Madanjeet Singh (16 April 1924 – 6 January 2013) was an Indian diplomat, painter, photographer, and writer.

== Biography ==
Madanjeet Singh was born on 16 April 1924 in Lahore, British India.

During Mahatma Gandhi's "Quit India" movement in 1942 against colonial rule, Madanjeet Singh was imprisoned. He later migrated to newly partitioned India in 1947 and worked as a volunteer in the refugee camps in Delhi, where those uprooted by partition found temporary refuge. He later joined the Indian Foreign Service in 1953 and served various countries like Italy, Yugoslavia, Greece, Laos, Sweden, Denmark, Spain, USSR, Consul General in South Vietnam. He served with distinction as Ambassador of India in Asia, South America, Africa and Europe before joining UNESCO in 1982, based in Paris.

In 1995, in recognition of his lifelong devotion to the cause of communal harmony and peace, the UNESCO Executive Board created the biennial ‘UNESCO-Madanjeet Singh Prize for the Promotion of Tolerance and Non-Violence’. The decision was adopted at meetings in Paris and Fez (16 May to 4 June), to commemorate the 125th birth anniversary of Mahatma Gandhi. In 2000, he was designated a UNESCO Goodwill Ambassador on the United Nations’ International Day of Tolerance.

Singh became known internationally with his first book, Indian Sculpture in Bronze and Stone, which was published in Rome by the Institute of the Middle and Far East in 1952. At that time he was a student of the orientalist Giuseppe Tucci, and also studied European art history under Lionelllo Venturi at Rome University. Indian Sculpture in Bronze and Stone was followed in 1954 by India, the first volume in the UNESCO world art series published by New York Graphic Society. He want on to write several more books including AJANTA, Paintings of the Sacred and the Secular (1964); Himalayan Art (1968); The White Horse (1976); This, My People (1989); The Sun in Myth and Art (1993); Renewable Energy of the Sun (1996); The Time-less Energy of the Sun (1998); The Time-less Energy of the Sun (1998); The Sasia Story (2005); The Oral and Intangible Heritage of South Asia (2007); and Kashmiriyat (2009).

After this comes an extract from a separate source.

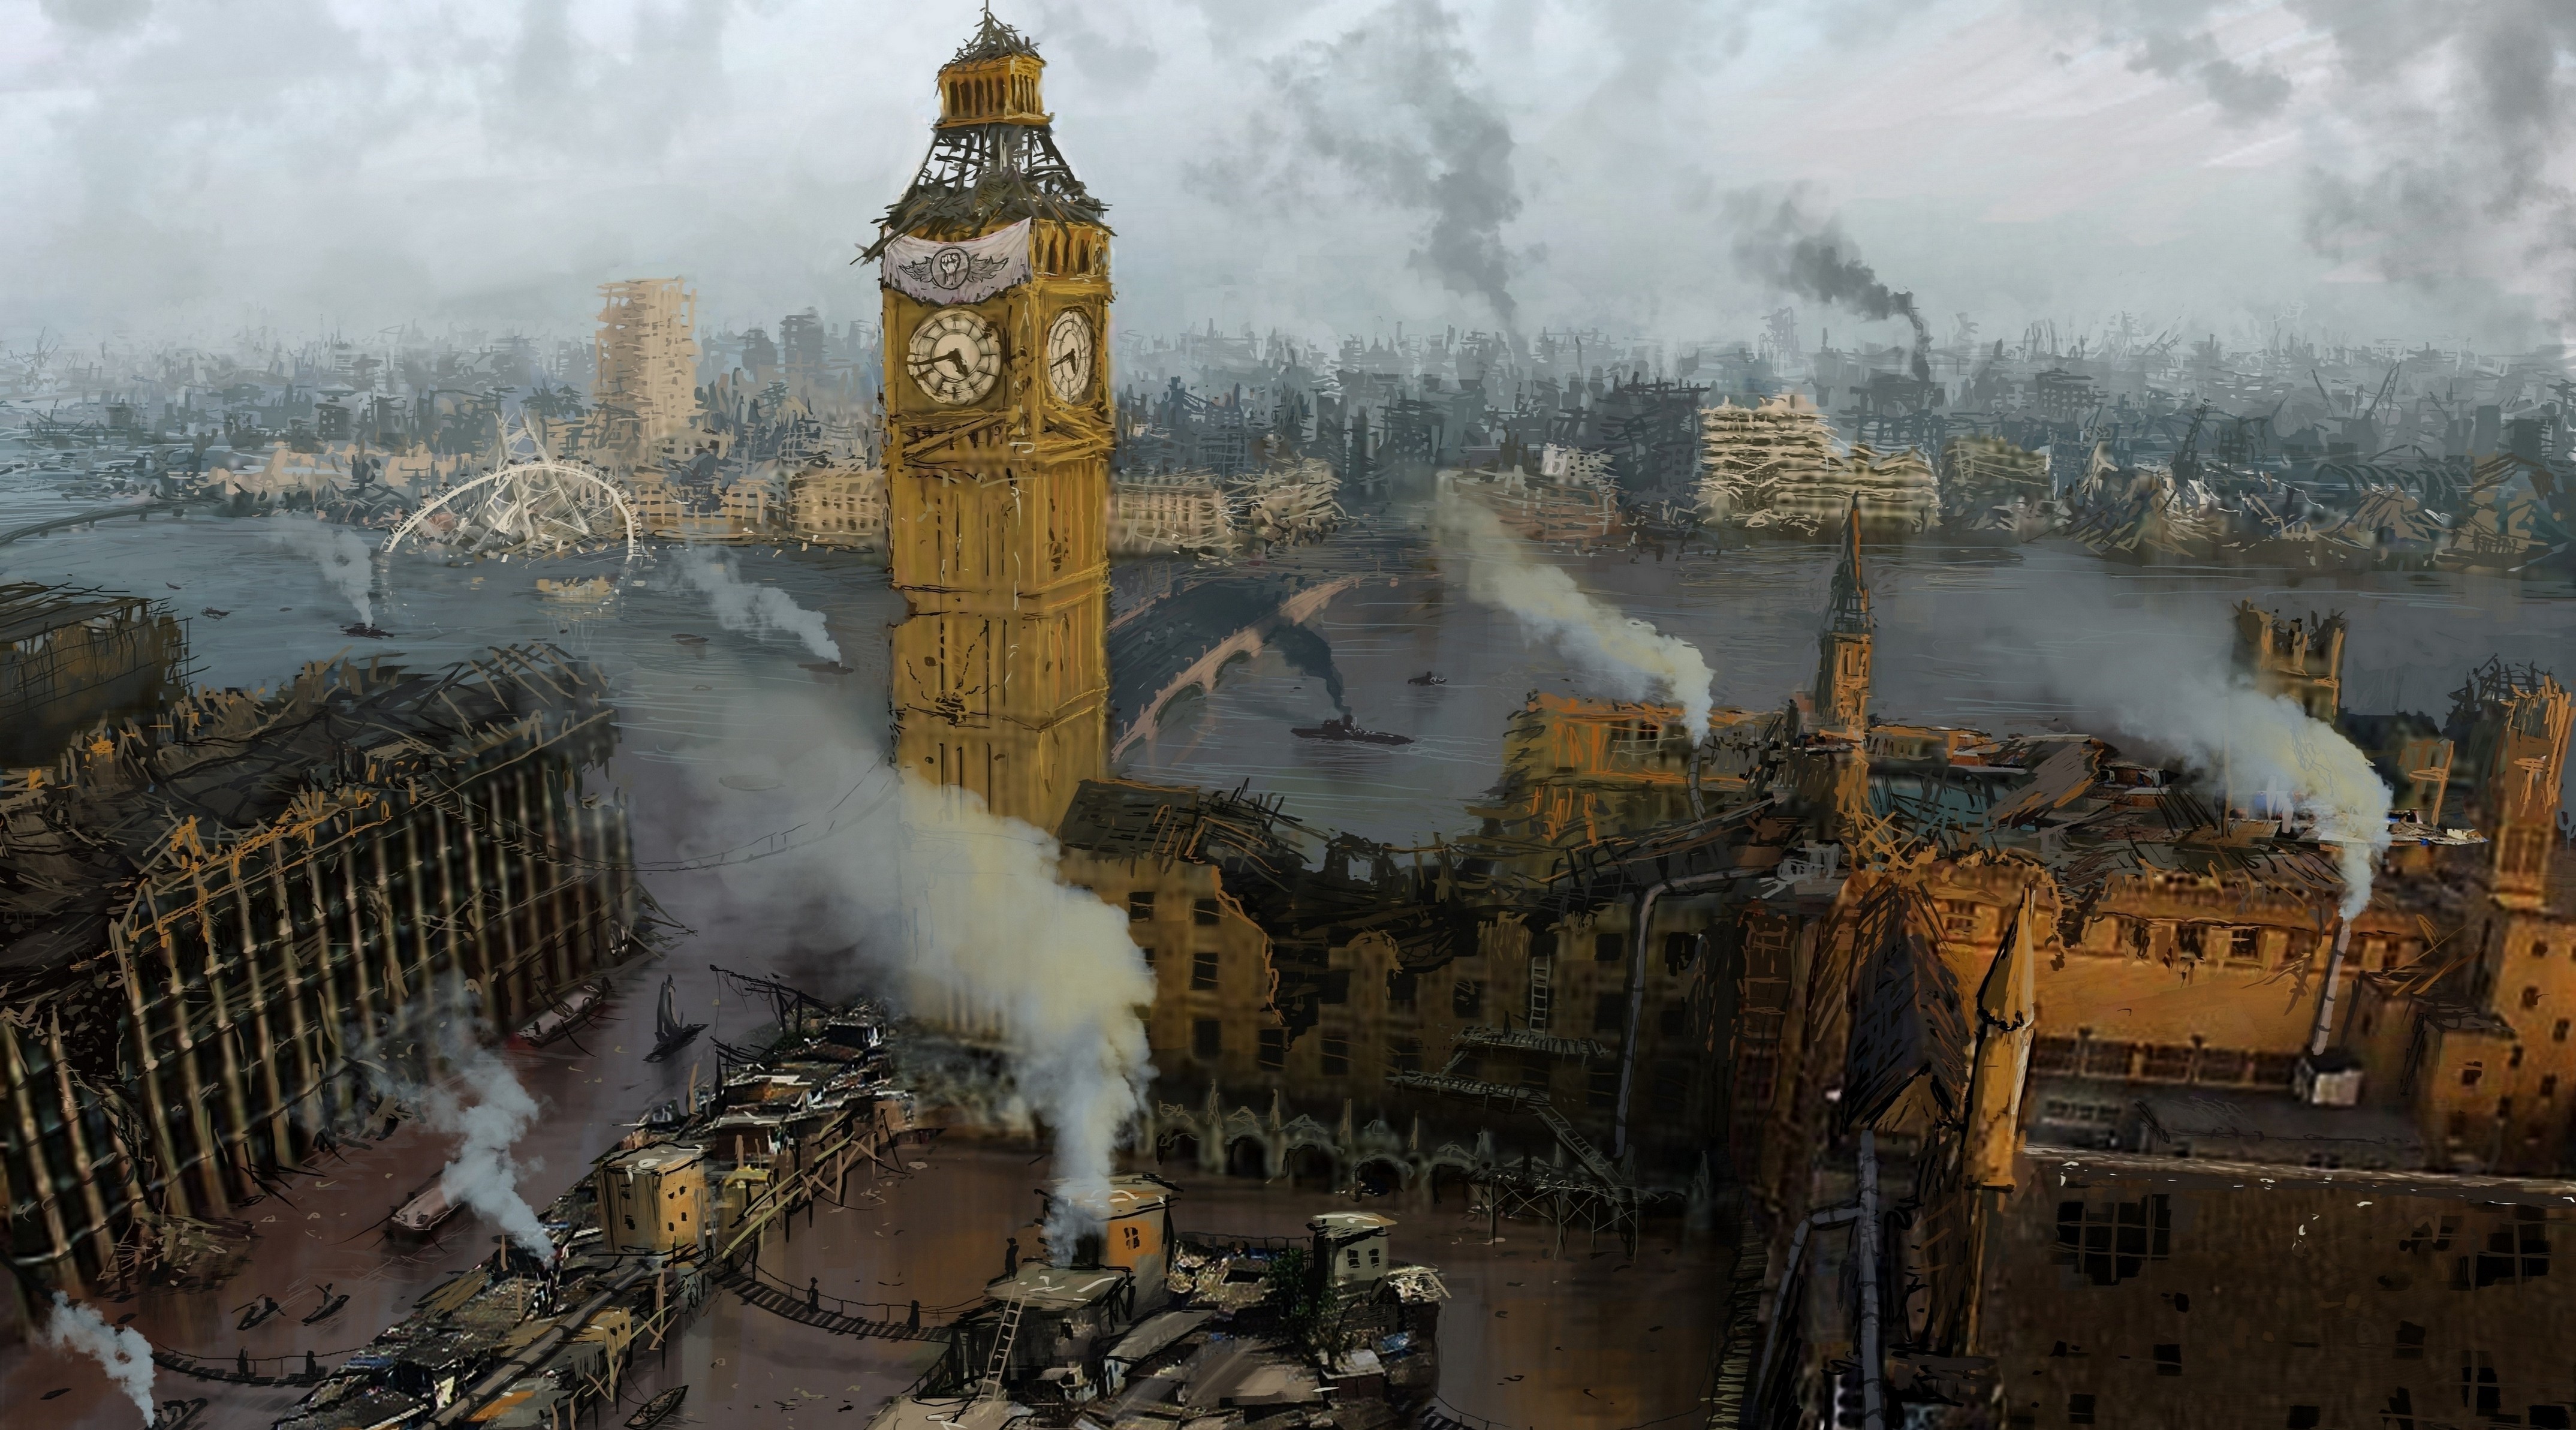 General 4297x2385 artwork London apocalyptic digital art England UK smoke city cityscape bridge Big Ben ruins

In 2000, he was designated as a UNESCO Goodwill Ambassador on the United Nations’ International Day of Tolerance, a post he held until his death.

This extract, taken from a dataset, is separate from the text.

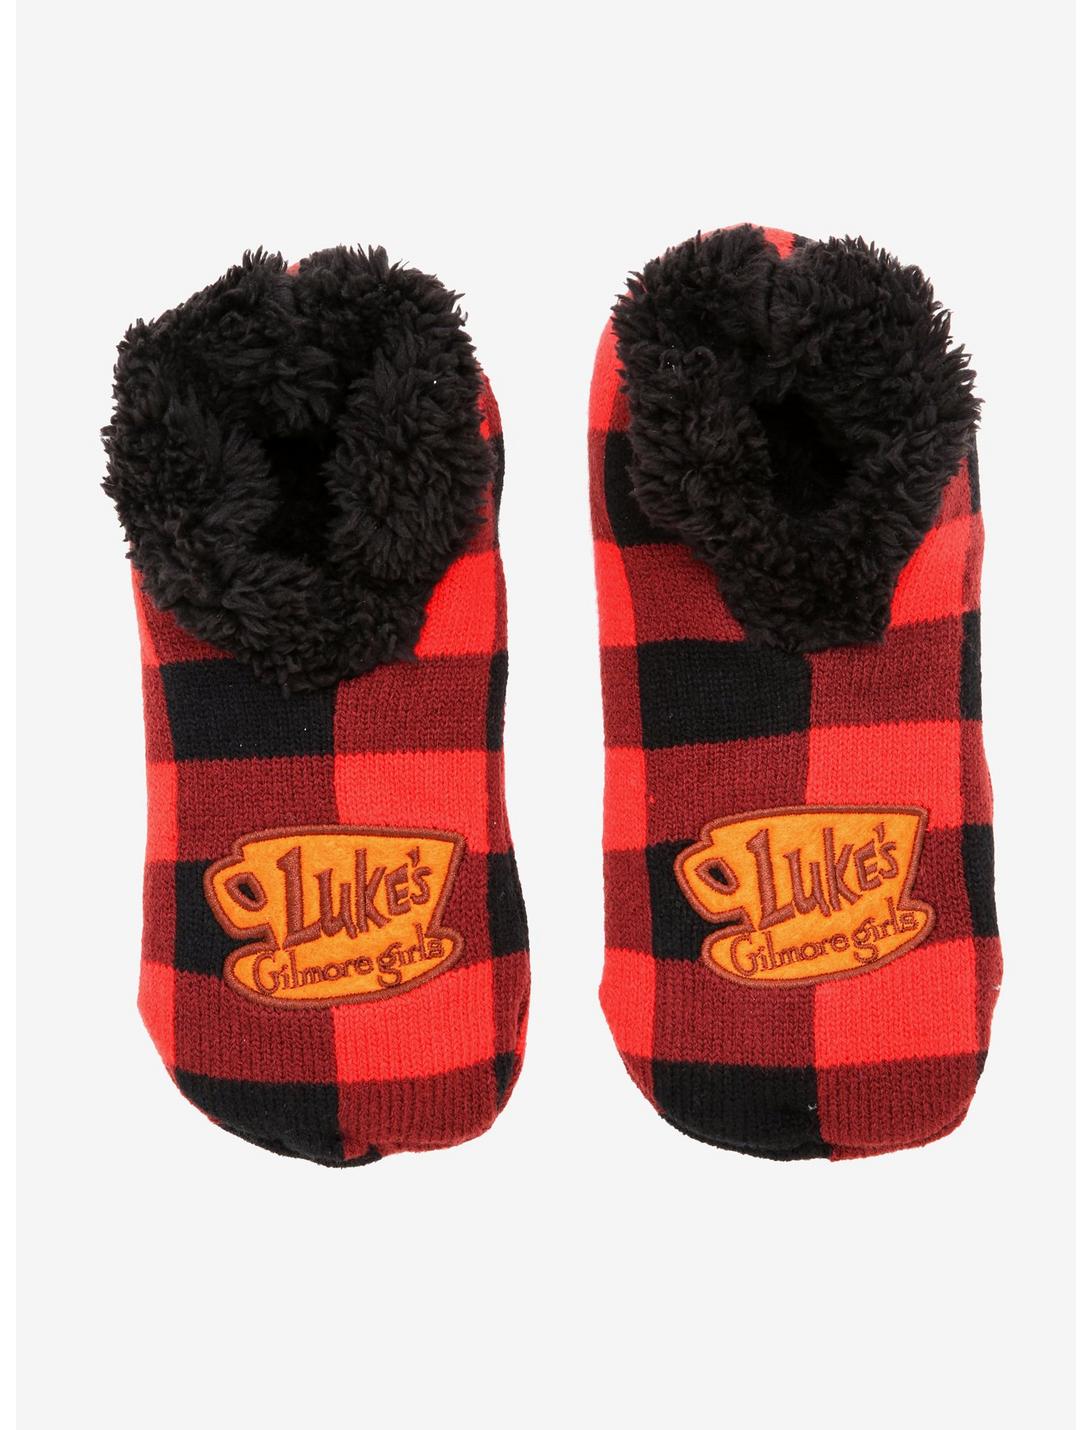 Gilmore Girls Luke's Diner Slipper Socks - BoxLunch Exclusive, , hi-res

He founded the South Asia Foundation in 2000 as a regional youth movement and it has now grown to have chapters in eight SAARC countries. He was praised as a "freedom fighter.
He is a Secular Humanist. The South Asia Foundation (SAF) has offered scholarships to South Asian students under various disciplines in its 8 UNESCO Madanjeet Singh Institutions of Excellence set up by Madanjeet Singh.

The UNESCO Madanjeet Singh Prize for the Promotion of Tolerance and Non-violence was created in 1995 to mark the United Nations Year for Tolerance, proclaimed at the initiative of UNESCO, and the 125th anniversary of the birth of the Mahatma Gandhi.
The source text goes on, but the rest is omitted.